Silêncio. Só o silêncio poderia preencher o vazio que se instalou entre nós. Eu morria de raiva, estava decepcionada. Ele tentava me convencer, e quem sabe não estivesse certo, talvez fosse melhor que ele conseguisse o dinheiro para que depois ficássemos juntos por um longo período, apenas na presença um do outro. Mas eu não conseguia enxergar o que ele tentava enfiar na minha cabeça. Estava amargurada demais para aceitar qualquer tipo de abandono.

— Eu te amo, Yolanda. Por favor... — suplicou em sussurros.
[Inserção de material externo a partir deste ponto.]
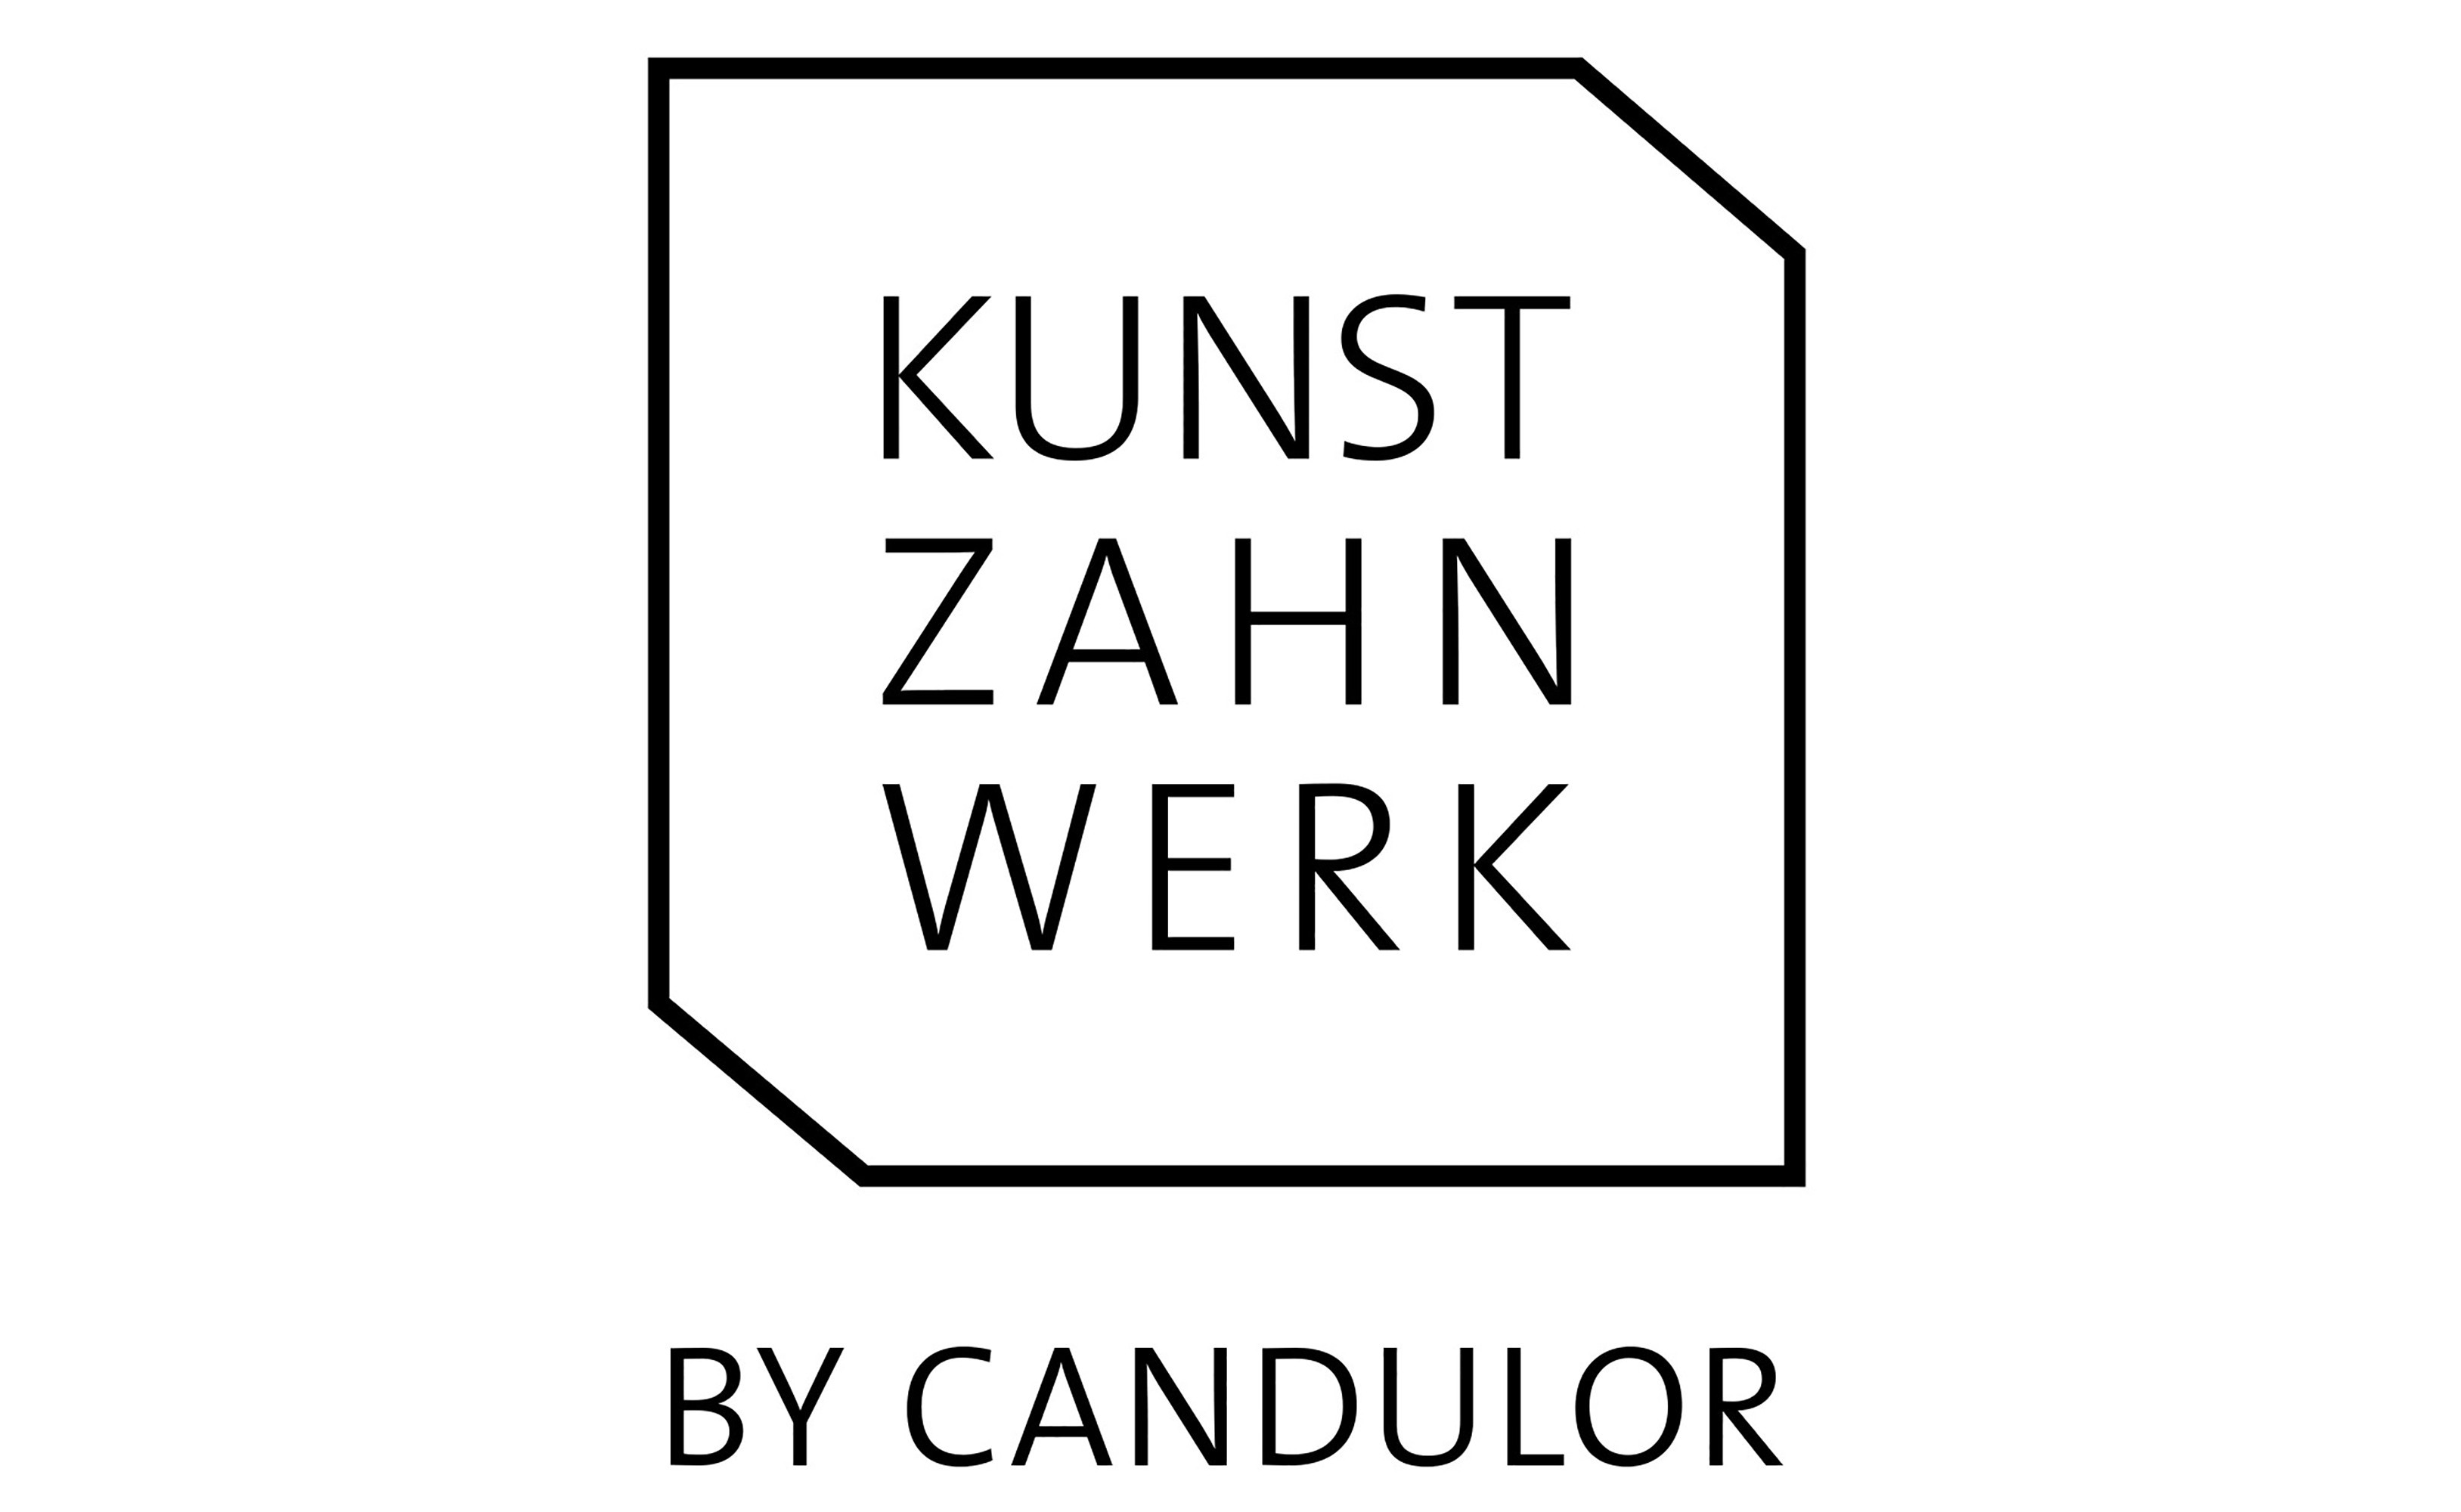 KZW by Candulor

Eu sacodia a cabeça enquanto pressionava os lábios, movendo os olhos de um lado a outro, já sem forças para discutir.

— Tudo bem, Kalel — concordei. — Pode ir. Eu... Eu me viro aqui, enquanto você não volta.

— Meu amor... — Ele se aproximou e me envolveu em seus braços, eu não correspondi como Kalel esperava, mas tentei não parecer insensível. — Eu prometo  que te ligo todos os dias, e vou dirigir o mais rápido possível pa...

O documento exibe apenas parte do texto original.